Vous avez démissionné de votre ancien travail donc carence de 4 mois.
Pour le contrat en cours que vous avez commencé le 10 octobre, vous n'aurez pas grand chose si le parent vous licencie. 
Si la maman est en arrêt maladie longue durée, peut être voir avec elle si continuer le contrat ne serait pas plus judicieux pour elle.

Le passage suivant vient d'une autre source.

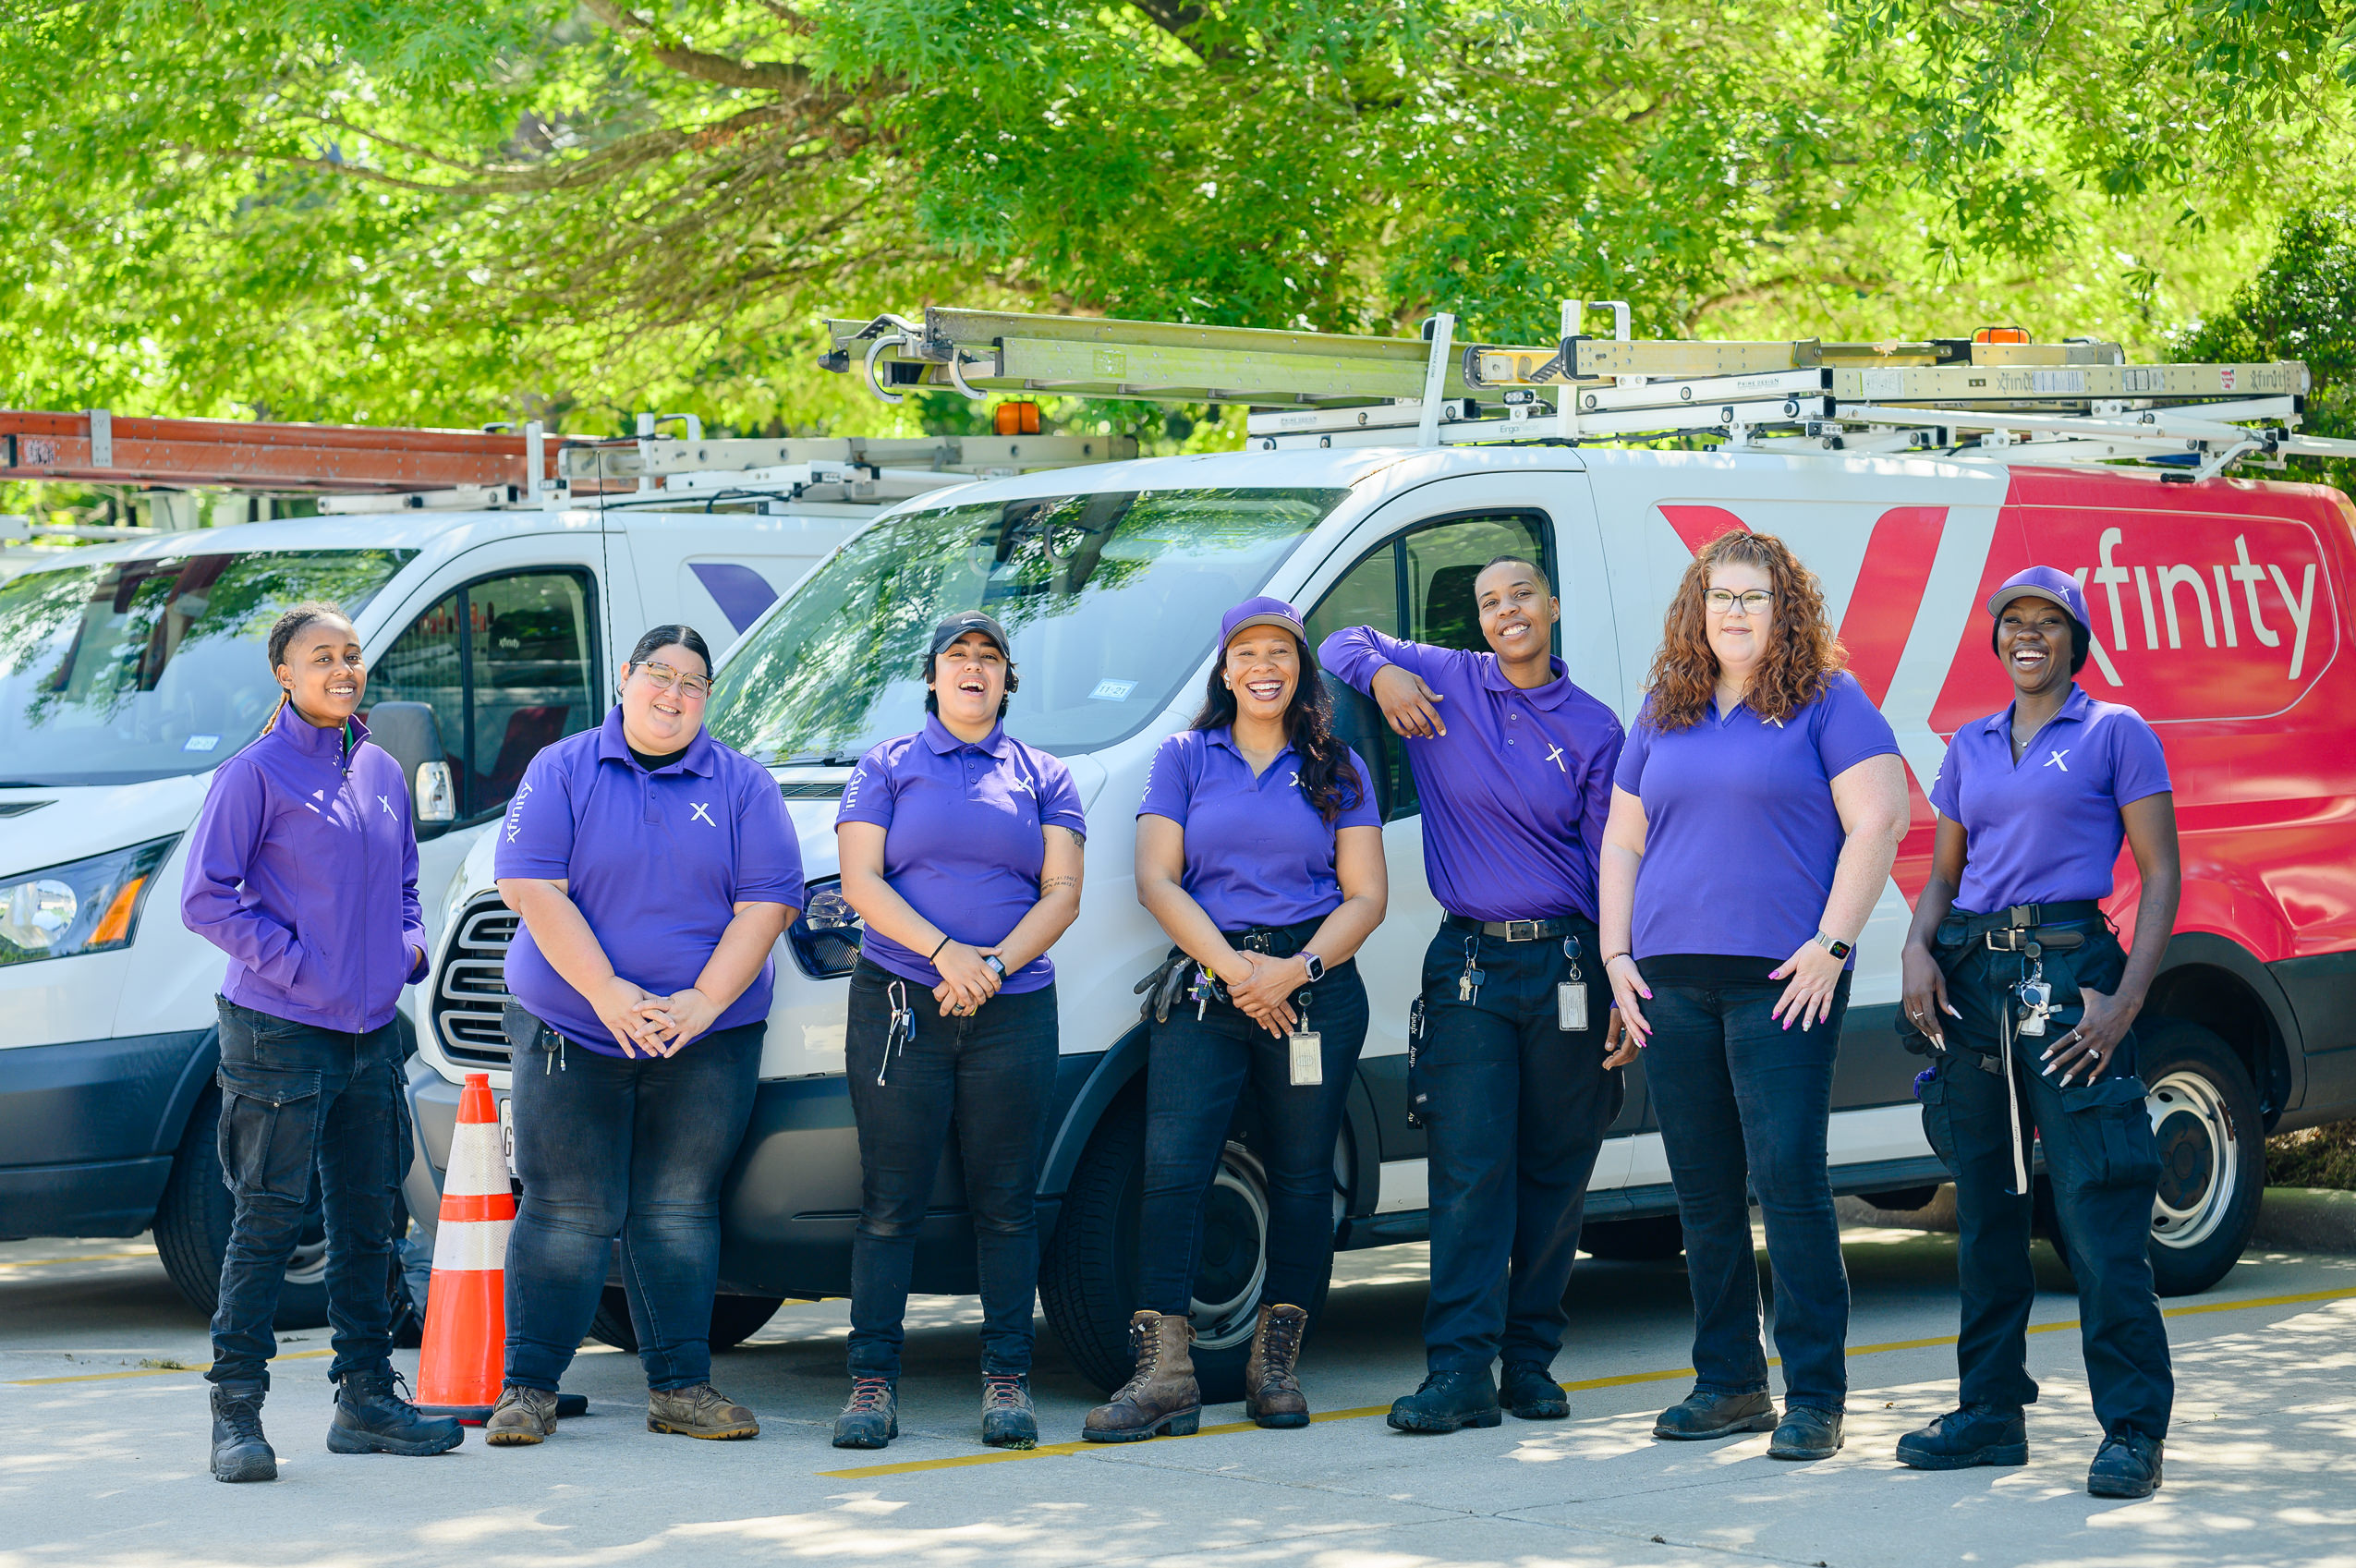 A group of Xfinity technicians gather for a photo in The Woodlands, Texas.

Elle pourrait se reposer pendant que son enfant serait chez vous.


----------



## Griselda (31 Octobre 2022)

Si je peux me permettre une question indiscrete: pourquoi avais tu démissionné?


----------



## kikine (31 Octobre 2022)

pour devenir ass mat surement


----------



## Valbuno (31 Octobre 2022)

Exactement kikine


----------



## Griselda (1 Novembre 2022)

OK, il n'y avait donc pas franchement d'autre solution que de démissionner, hors mis la RC mais encore faut il que ton employeur l'accepte car comme son nom l'indique c'est d'un commun accord. Un employeur n'a normalement d'autant pas de bonne raison de l'accepter que même si c'est à la demande du salarié il lui devrait alors une indemnité de rupture.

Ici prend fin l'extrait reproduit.